I’ve never talked to anyone. I’m used to handling things on my own. Aren’t people who go to therapy weak?
Not at all. People who ask for help know when they need it and have the ability to reach out. Everyone needs help now and then. You already have some strengths that you’ve used before, that for whatever reason aren’t working right now. Perhaps this problem feels overwhelming and is making it difficult to access your past strengths. In our work together, we’ll help you identify what those strengths are and how to implement them again in what is happening now.
What’s the difference between talking to you or my best friend or family?
We are mental health professionals who can help you approach your situation in a new way – teach you new skills, help you gain different perspectives, listen to you without judgment or expectations, and help you listen to yourself. Furthermore, therapy is completely confidential. You won’t have to worry about others “knowing your business.” Lastly, some situations can bring a great deal of negative emotion. Confiding in a friend or family member may not give you the tools needed to deal with those emotions or the people in your life who you think caused them.
Why shouldn’t I just take medication?
Medication alone cannot solve all issues and, frequently, medication just treats the symptoms. Our work together is designed to explore the root of the issue, dig deep into your behavior and teach strategies that can help you accomplish your personal and/or relational goals.
Medication can be effective and is sometimes needed in conjunction with therapy.
How does it work? What do I have to do in sessions?
Because each person has different issues and goals, we tailor my therapeutic approach to meet your specific needs.
How long will it take?
Unfortunately, this is not possible to say in a general FAQ page. Everyone’s circumstances are unique and the time required to allow you to accomplish your goals depends on your desire for personal development, your commitment, and the factors that are driving you to seek therapy in the first place.

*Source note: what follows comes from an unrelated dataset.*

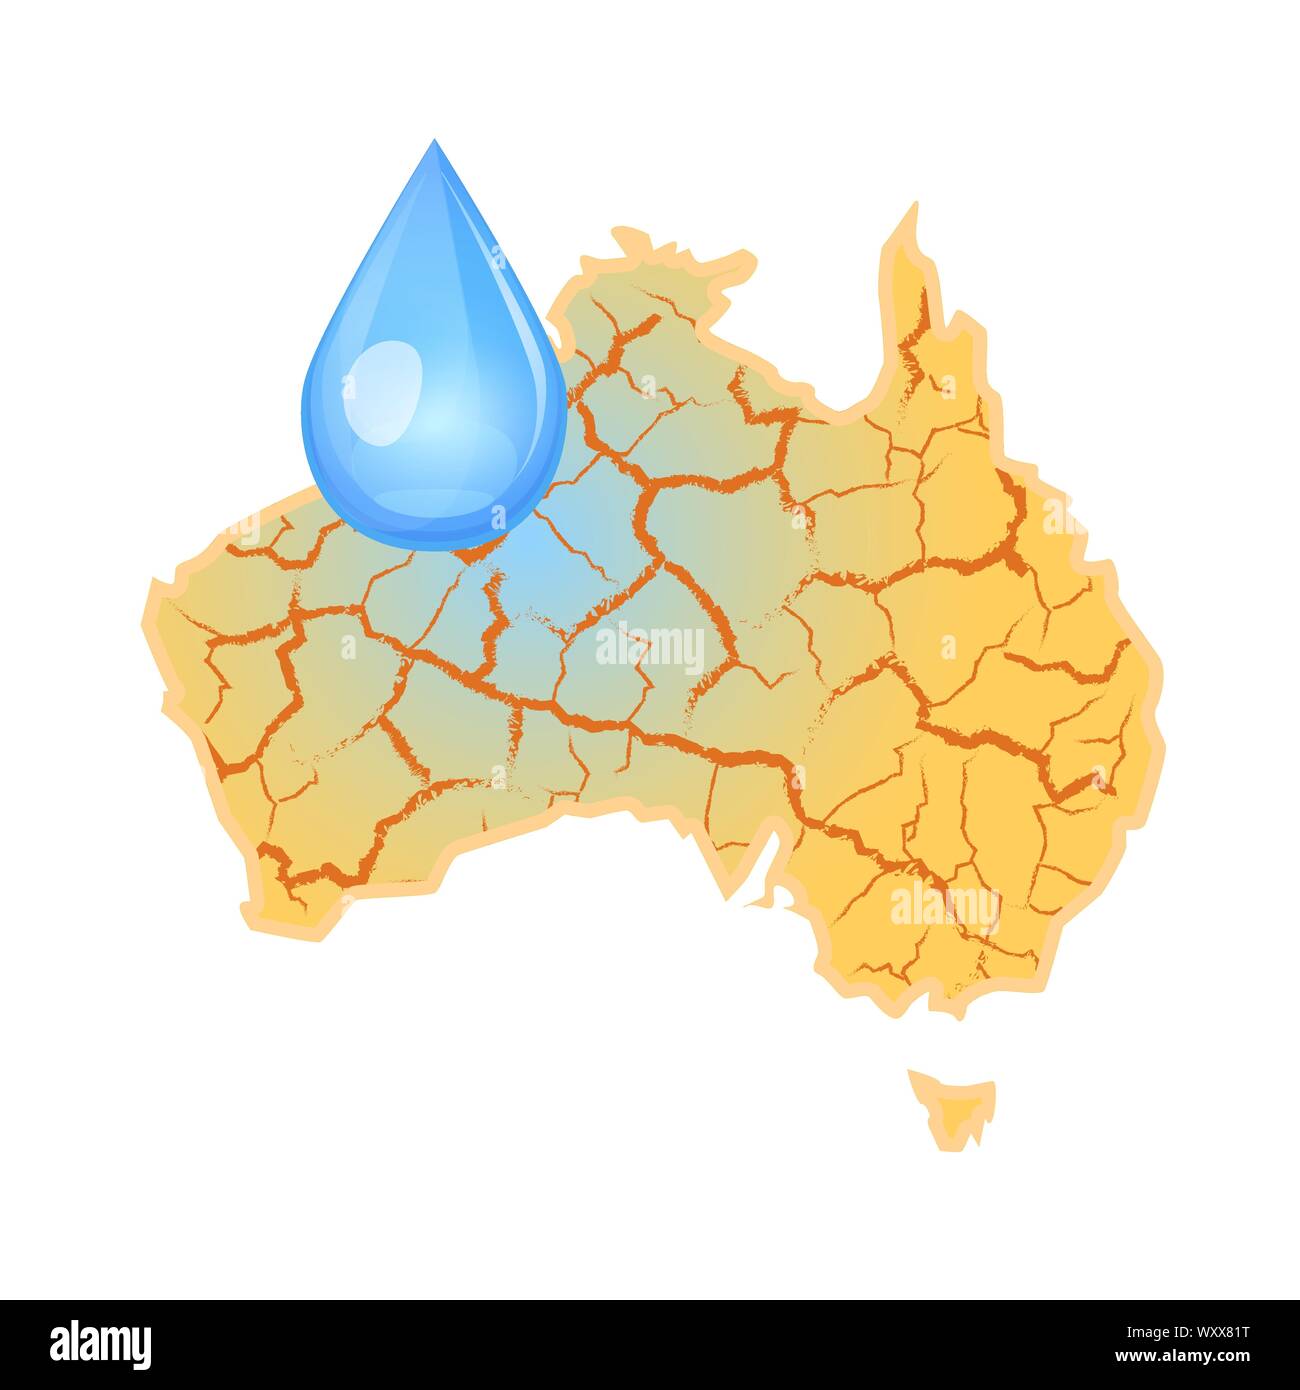 L'Australie a besoin d'eau. La rareté de l'eau concept global. La sécheresse en Australie et une goutte d'eau. En cas de catastrophe naturelle. Illustration vectorielle, isolé sur fond blanc. Illustration de Vecteur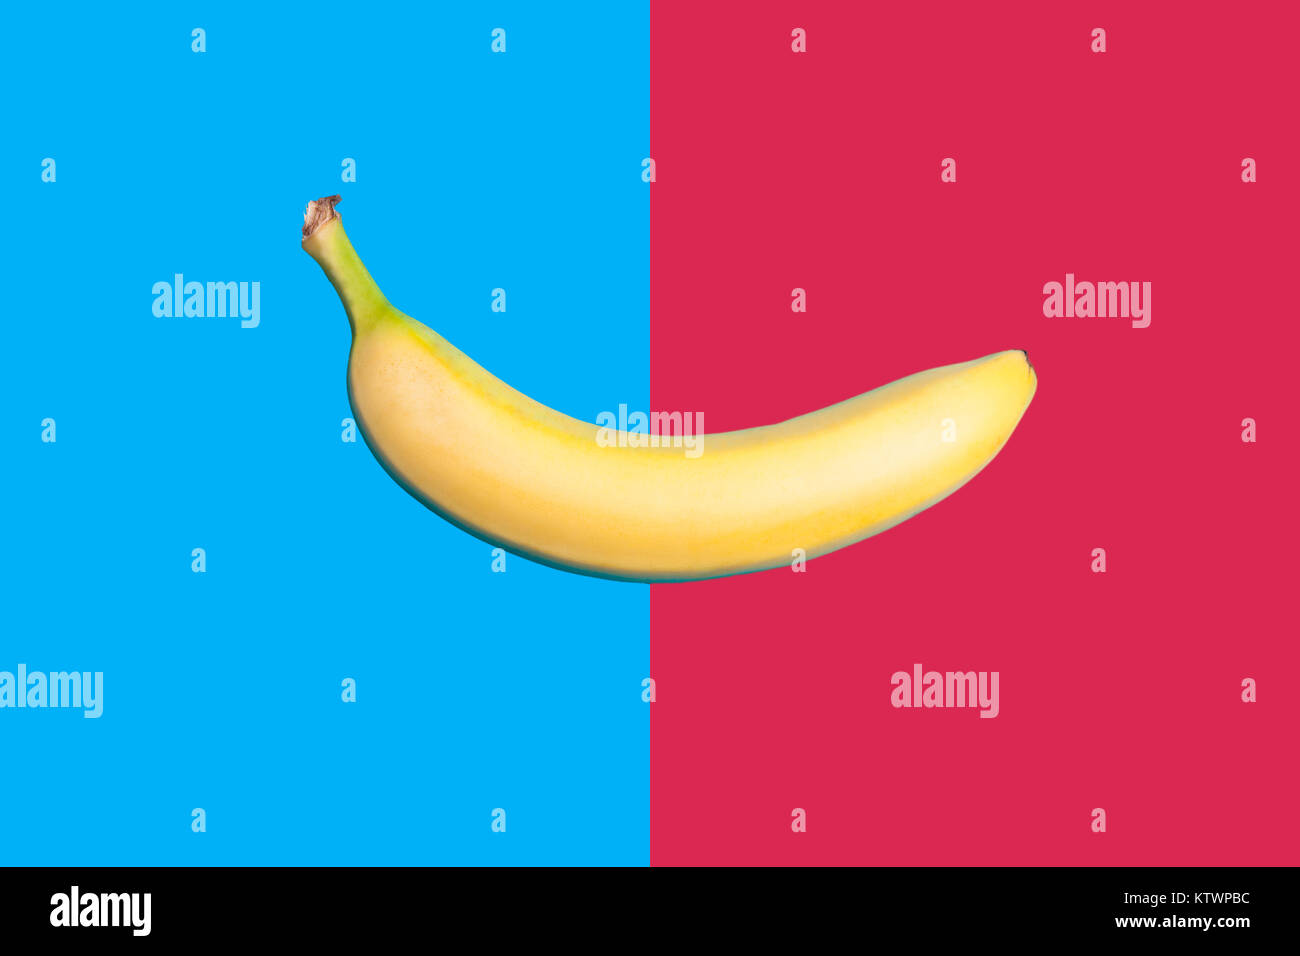 Banane auf zwei farbigen bacground in der Mitte geteilt Stockfoto

I want to get the most out of therapy. What can I do to help?
We are so glad you are dedicated to getting the most out of your sessions. Your active participation and dedication is crucial to your success. After all, we only see each other once a week. It’s the work you do outside of our sessions that will really help you see your personal growth and development.
My partner and I are having problems. Should we be in individual counseling or come together?
If you are concerned about your relationship, and you would both like to work with us, we would initially work with both of you together. After this work, if one of you would like to continue in individual sessions, we could work with only one of you. It is not helpful to move from individual into couple’s work with the same therapist because of potential trust issues.